Birazda kendi toplumsal gerçekleri ile ilgili bir şey konuşmak istediğini söyleyen Kışanak şöyle dedi:
“Biz her hangi bir siyasi parti değiliz, iktidar olmak, koltuk, mevki kazanmak için bu mücadeleyi yürütmüyoruz. Bizim ideallerimiz, hedeflerimiz var. Bir gelecek kurgumuz var. Biz bu nedenle diğer siyasi partiler gibi davranamayız. Bizim partimize yandaş değil, yoldaş arıyoruz. Bize verdikleri oy eğer bizim ilkelerimiz ile uyumlu değilse eğer bizim değerlerimiz ile uyumlu değilse, bizim demokratik bir gelecek kurgumuz ile örtüşmüyorsa alsınlar o oyu başlarına çalsınlar. Bu kadar açık söylüyorum. Bu kadar keskin ve net olun. Bu kadar keskin ve net olmaz isek biz toplumsal dönüşümü sağlayamayız. Biz bir toplumsal devrimin peşindeyiz. Bunu da toplumun ve halkı kendimizi değiştirerek gerçekleştirmeliyiz. Bunu yapmazsak verdiğimiz çabalar hepsi boşa gider. Evinde kadınlara eşit davranmayan hiçbir hiç bir insanın yurtseverliğini kabul etmeyin. Kızına, eşine, gelinine, ailesinde birlikte yaşadığı kadınlara eşitlik hukuku ile yaklaşmayan, ona değer vermeyen, iradesini kabul etmeyen hiçbir insanı yurtsever kabul etmeyin.

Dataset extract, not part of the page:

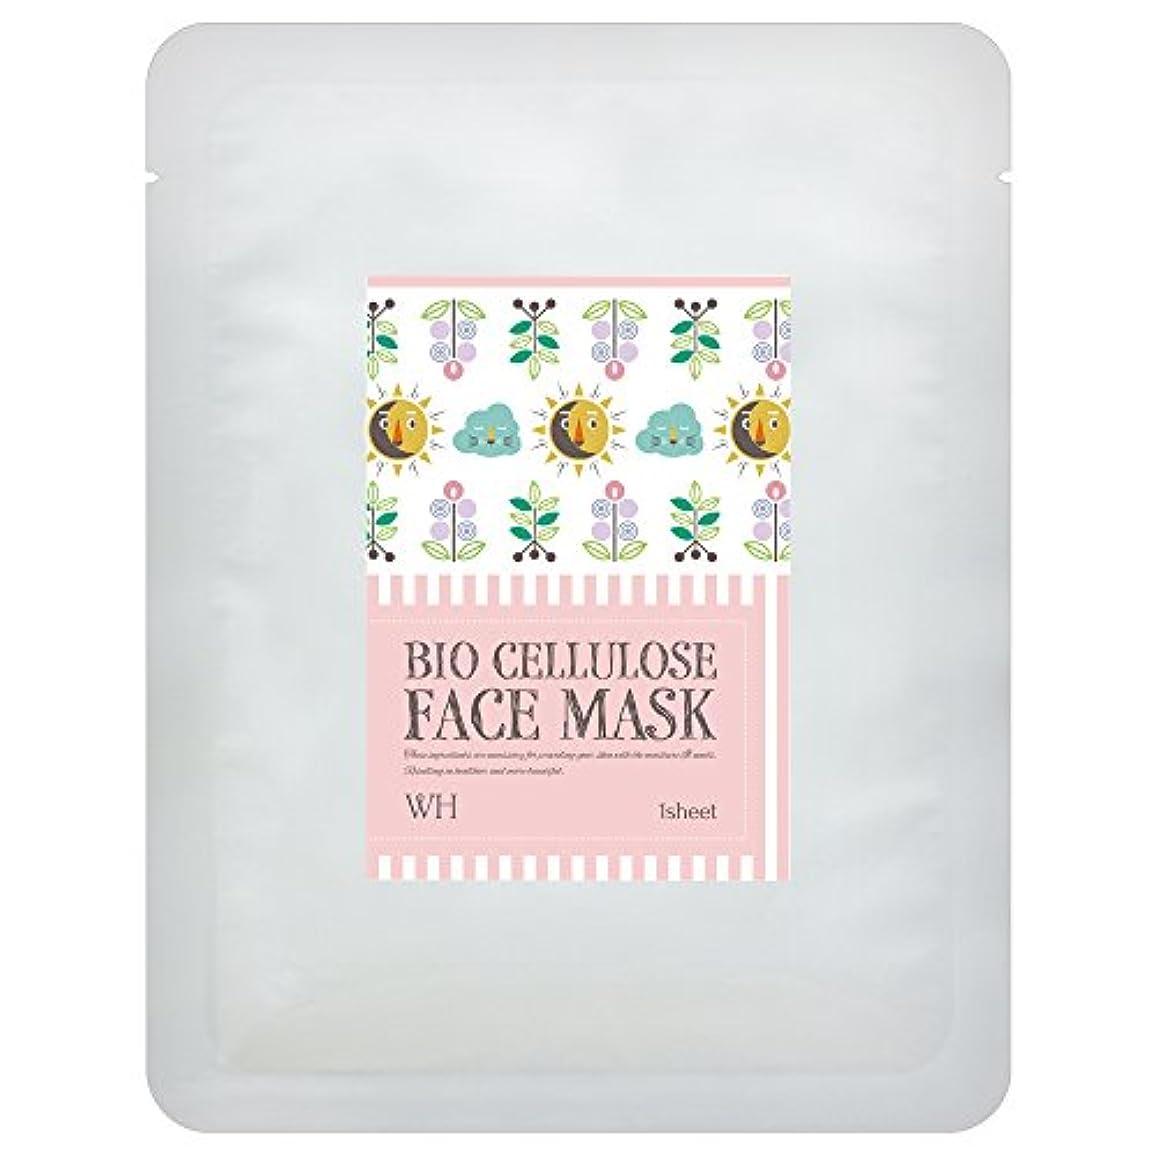 流暢薬剤師遠近法日本製バイオセルロース フェイスマスク WH(輝白系) 1枚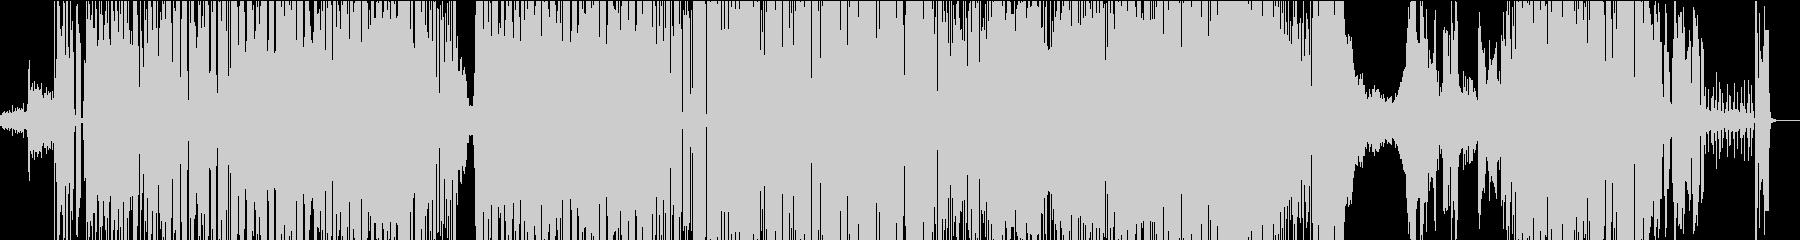 海の底のようなBGMの未再生の波形

Oyunu da istemeyin lazım değil bize. Biz aile içerisinde demokratik yaşamı inşaa edemezsek bu ülkede demokratik yaşamı nasıl inşaa edeceğiz. Kürt halkının özgürlüğü Kürt toplumunun demokratik değişiminden geçer. Kürt halkının özgürlüğü kadının özgürlüğünden geçer. Aile içerisindeki demokratik özgürlükten geçer. Kadın cinayetlerinde cinayeti işleyen alçaklar ile devlet el eledir. Hiçbir tedbir yok hiçbir önlem yok çünkü zihniyet aynıdır. Devleti kuran bir grup elit zihniyet, Kürtlerin de Türk olmasını istemiş, eğer Türk olmaz iseniz size karşı hür türlü zulmü yapacağız diyorlar. ‘Seninle birlikte yaşamak istemiyorum’ diyen kadına şiddet uygulayan ve öldüren zihniyet ile ne fark var arada. Çünkü aile içinde egemen zihniyeti kabul ederseniz devletinde bu zihniyetini kabul etmiş olursunuz. Bunu reddedin.”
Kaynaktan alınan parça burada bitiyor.